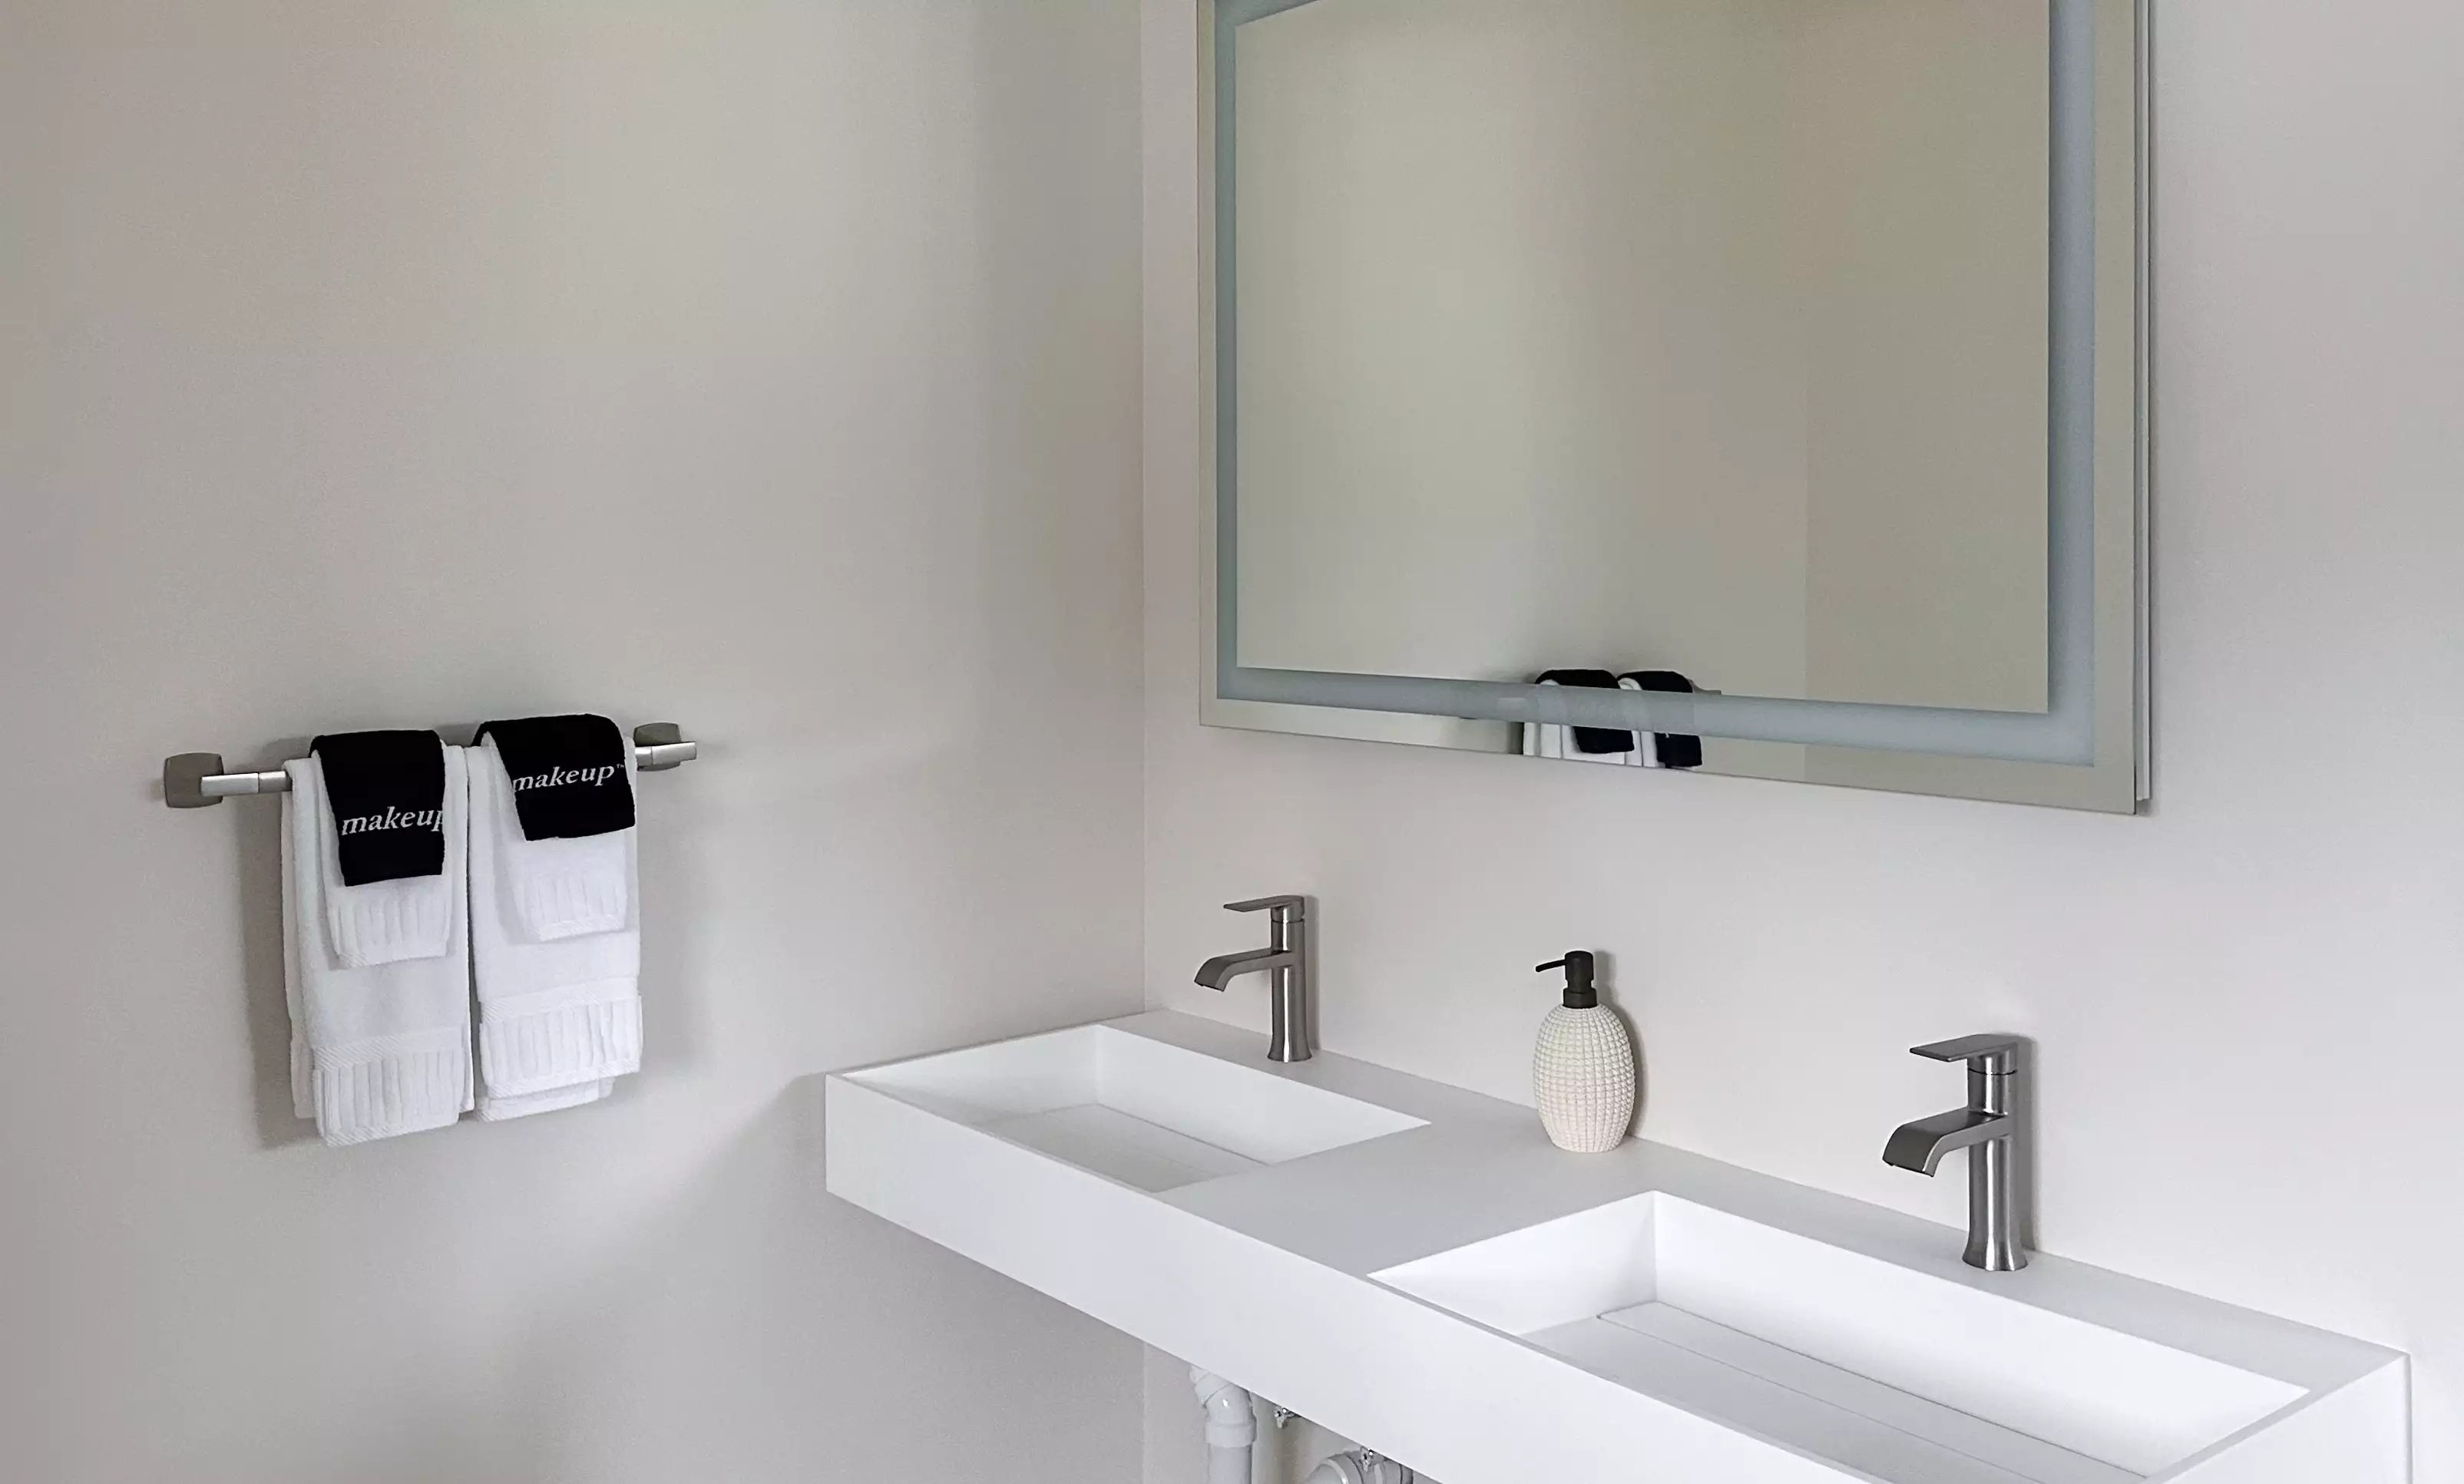 Bathroom vanity with two sinks
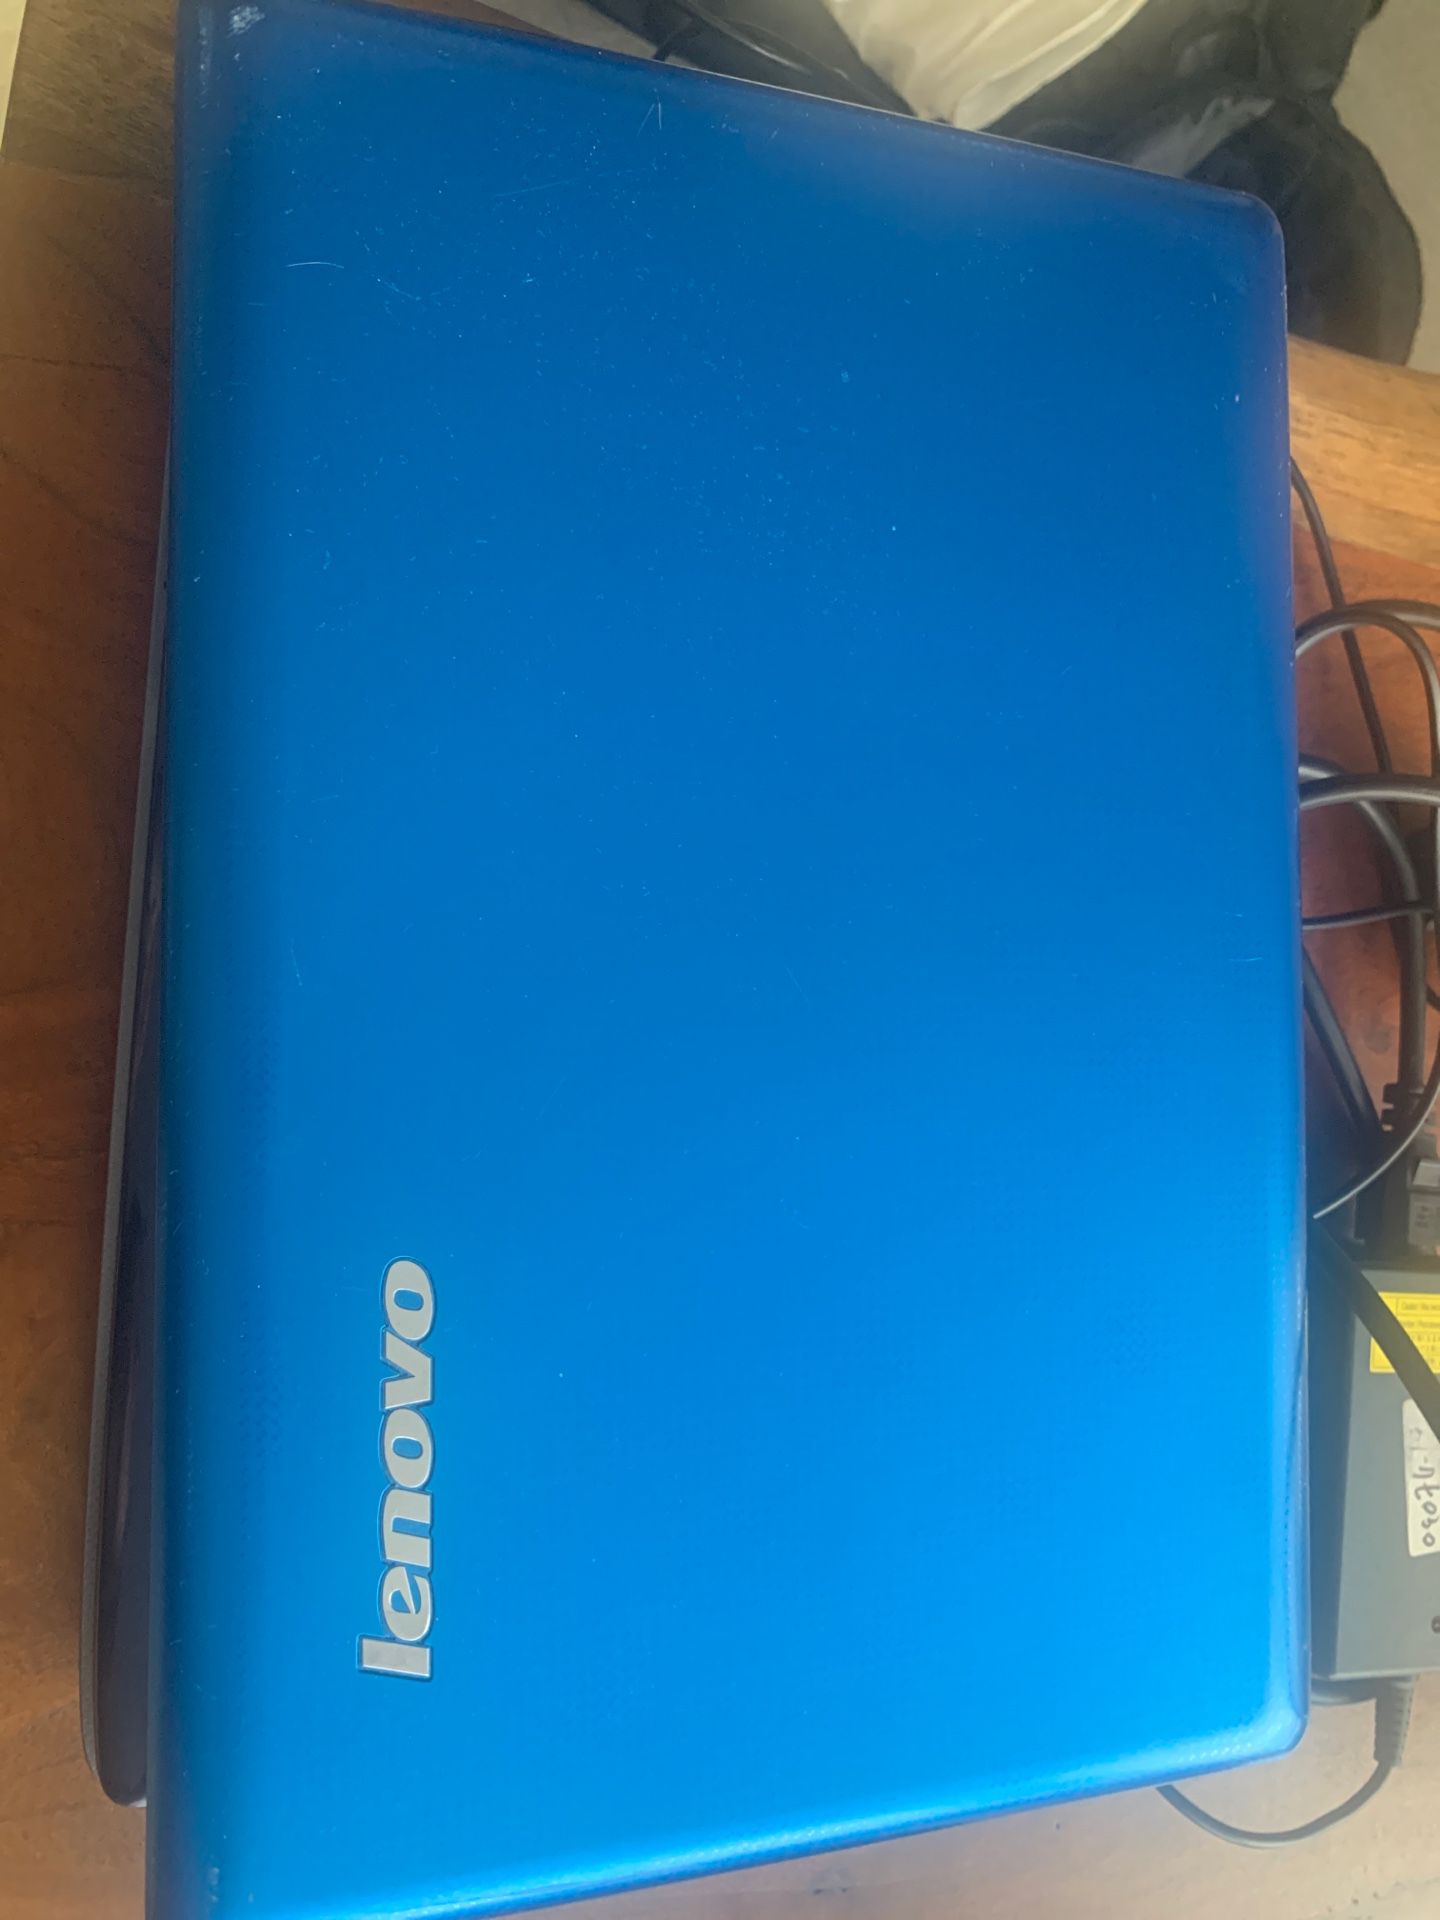 Lenovo laptop with free computer bag
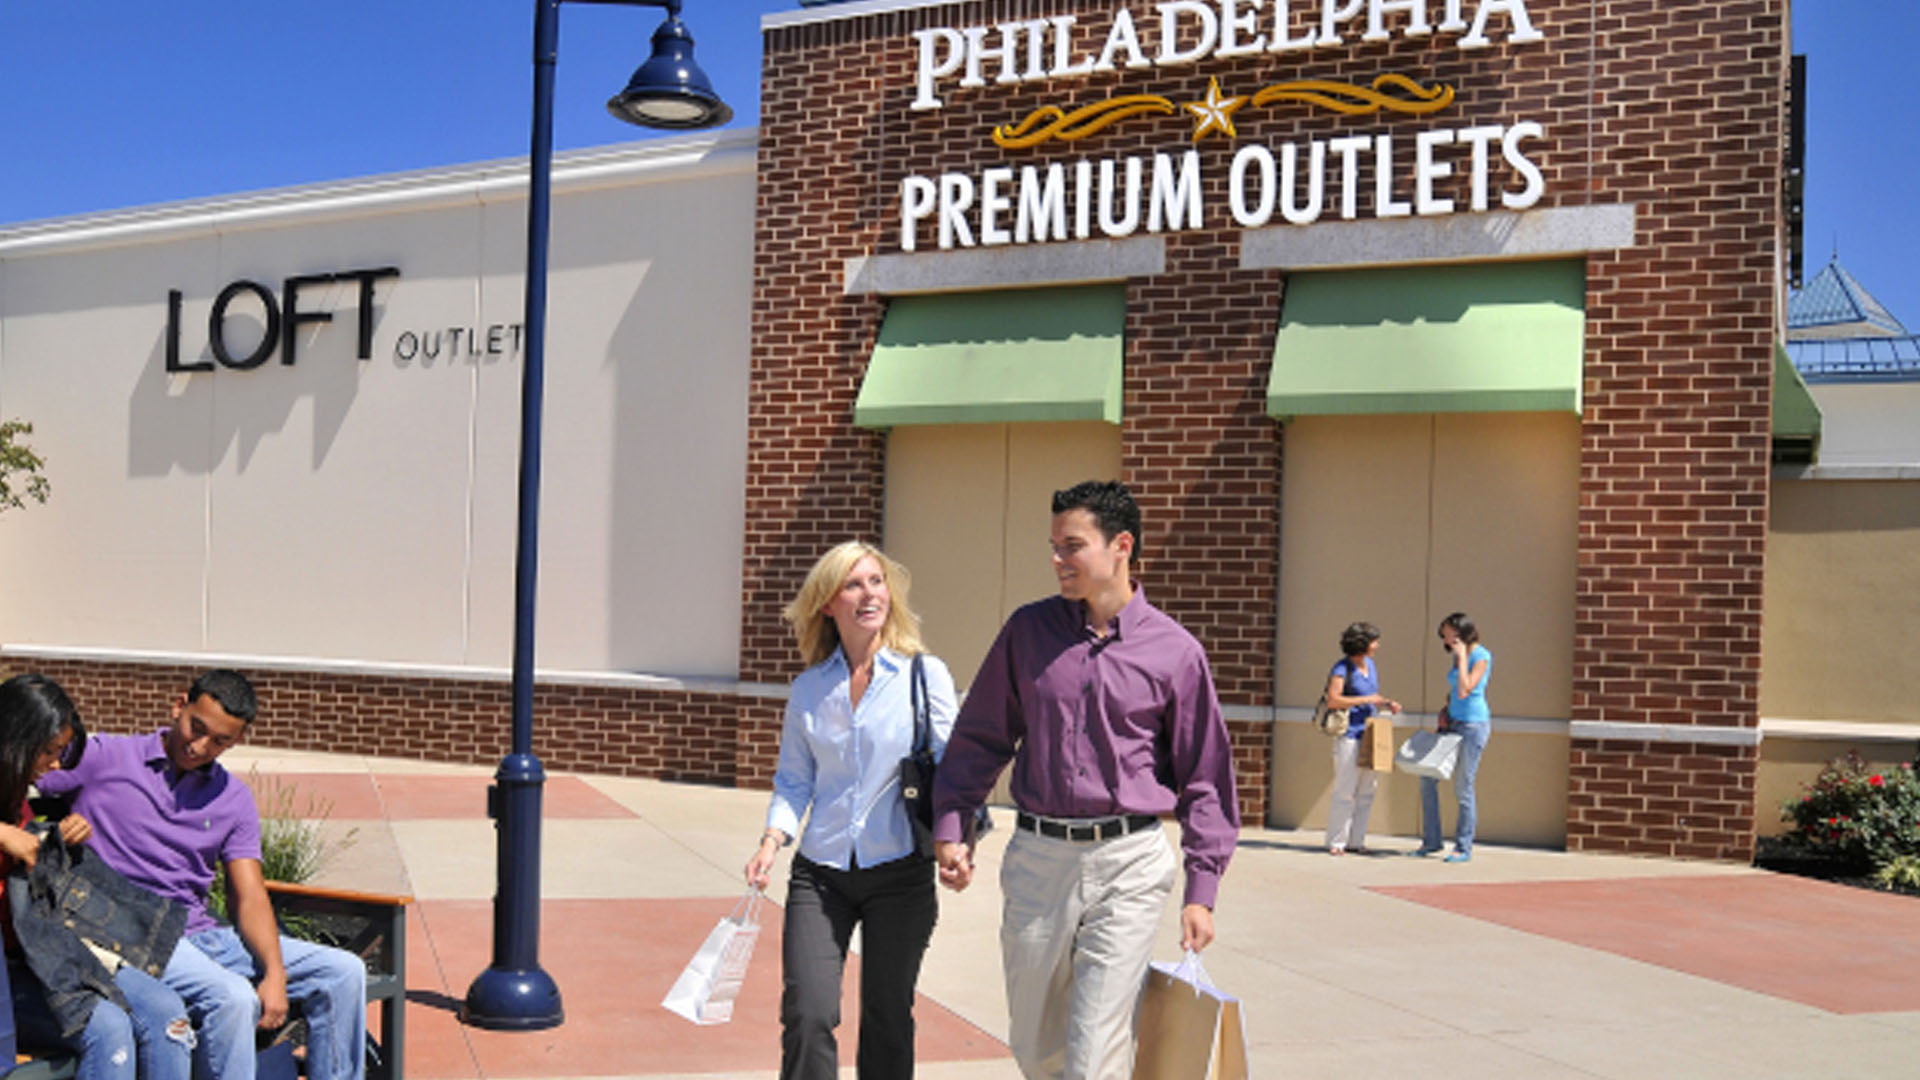 Philadelphia premium outlets

*WORK REQUEST*
Give the data above again exactly. Leave the pictures out.

*SOLUTION TO THE EXERCISE*
 Bathroom vanity with two sinks
 Lenovo laptop with free computer bag
 Philadelphia premium outlets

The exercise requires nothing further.